Pertumbuhan ini dipicu oleh kebijakan pengendalian impor barang jadi, jaminan bahan baku, serta regulasi larangan dan pembatasan (Lartas) untuk barang konsumsi alas kaki. Adie juga mencatat peningkatan ekspor sebesar 0,95 persen, penurunan impor sebesar 1,38 persen, serta kinerja Indeks Kepercayaan Industri (IKI) yang terus meningkat sejak November 2023 hingga Februari 2024.
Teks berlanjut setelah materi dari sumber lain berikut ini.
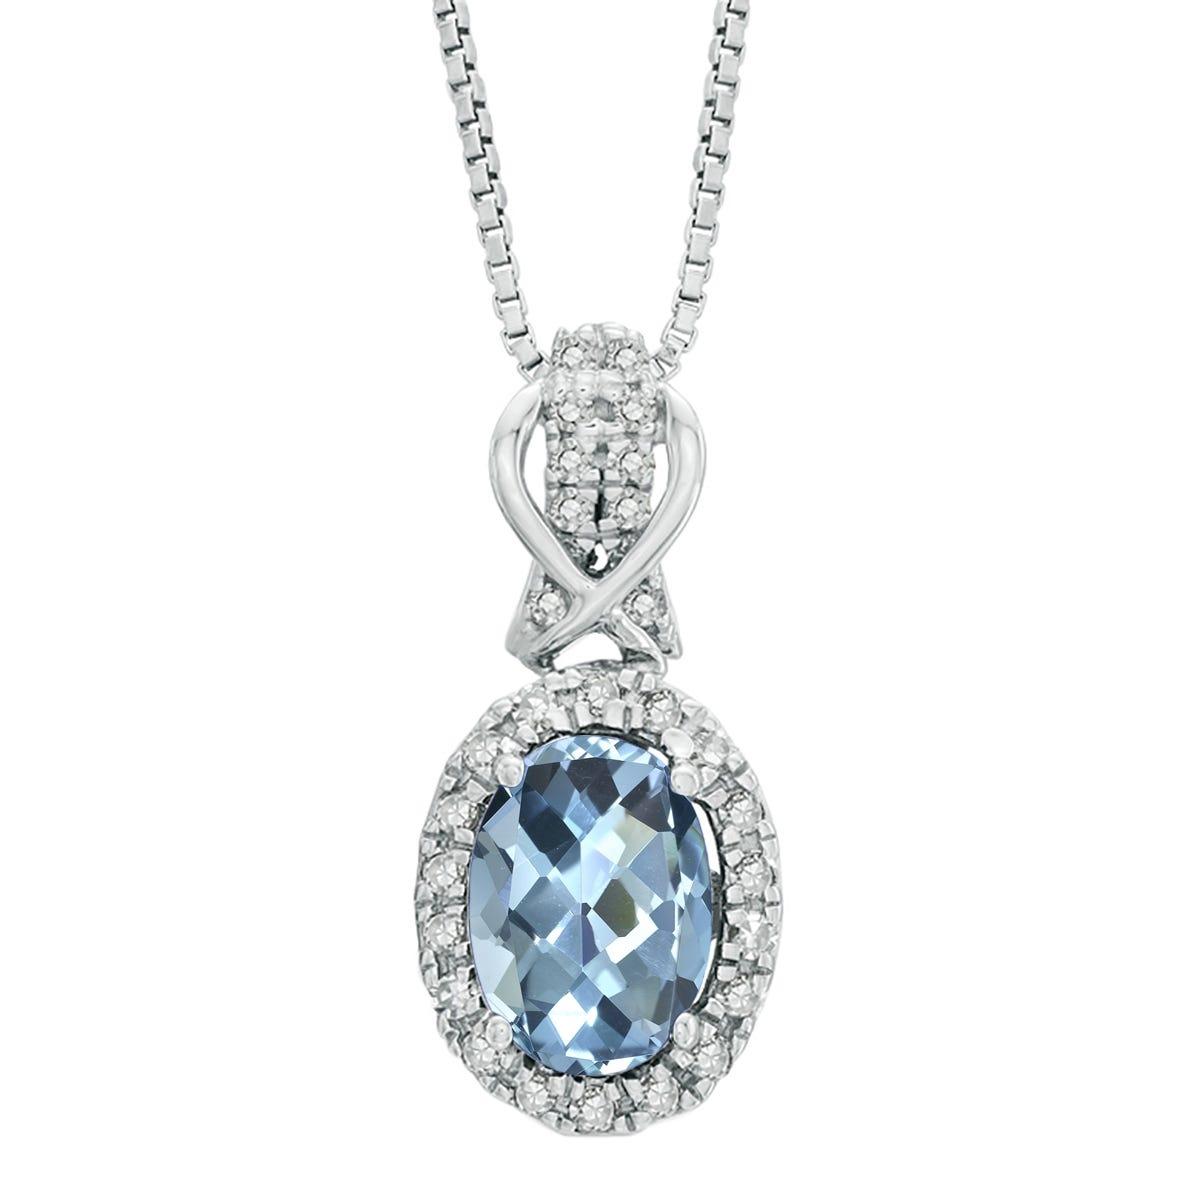 Oval Aquamarine Gemstone & Diamond Pendant in 10k White Gold

Keberlakuan kebijakan Lartas dianggap sebagai angin segar bagi industri dalam negeri untuk terus meningkatkan produksinya. Salah satu alasan penutupan pabrik Sepatu Bata adalah inefisiensi produksi dan produk yang tidak sesuai dengan selera konsumen, sehingga perusahaan memilih fokus pada lini bisnis ritel.
Sebelum ditutup, pabrik Sepatu Bata hanya menyisakan 233 karyawan dengan produksi hanya mencapai 30 persen dari kapasitasnya. Produksi pabrik juga mengalami penurunan dari 3,5 juta pasang pada tahun 2018 menjadi 1,15 juta pasang pada tahun 2023. Hal ini menyebabkan peningkatan kerugian, penurunan nilai aset, penurunan ekuitas, dan peningkatan liabilitas setiap tahun.
Namun, dengan kondisi perusahaan yang membaik, diharapkan PT Sepatu Bata dapat membuka kembali pabriknya di Indonesia dengan kapasitas yang lebih besar. Pemerintah juga terus mendorong peningkatan ekspor dari produksi dalam negeri sebagai bagian dari rantai pasok global merek Bata bersama afiliasinya di luar negeri.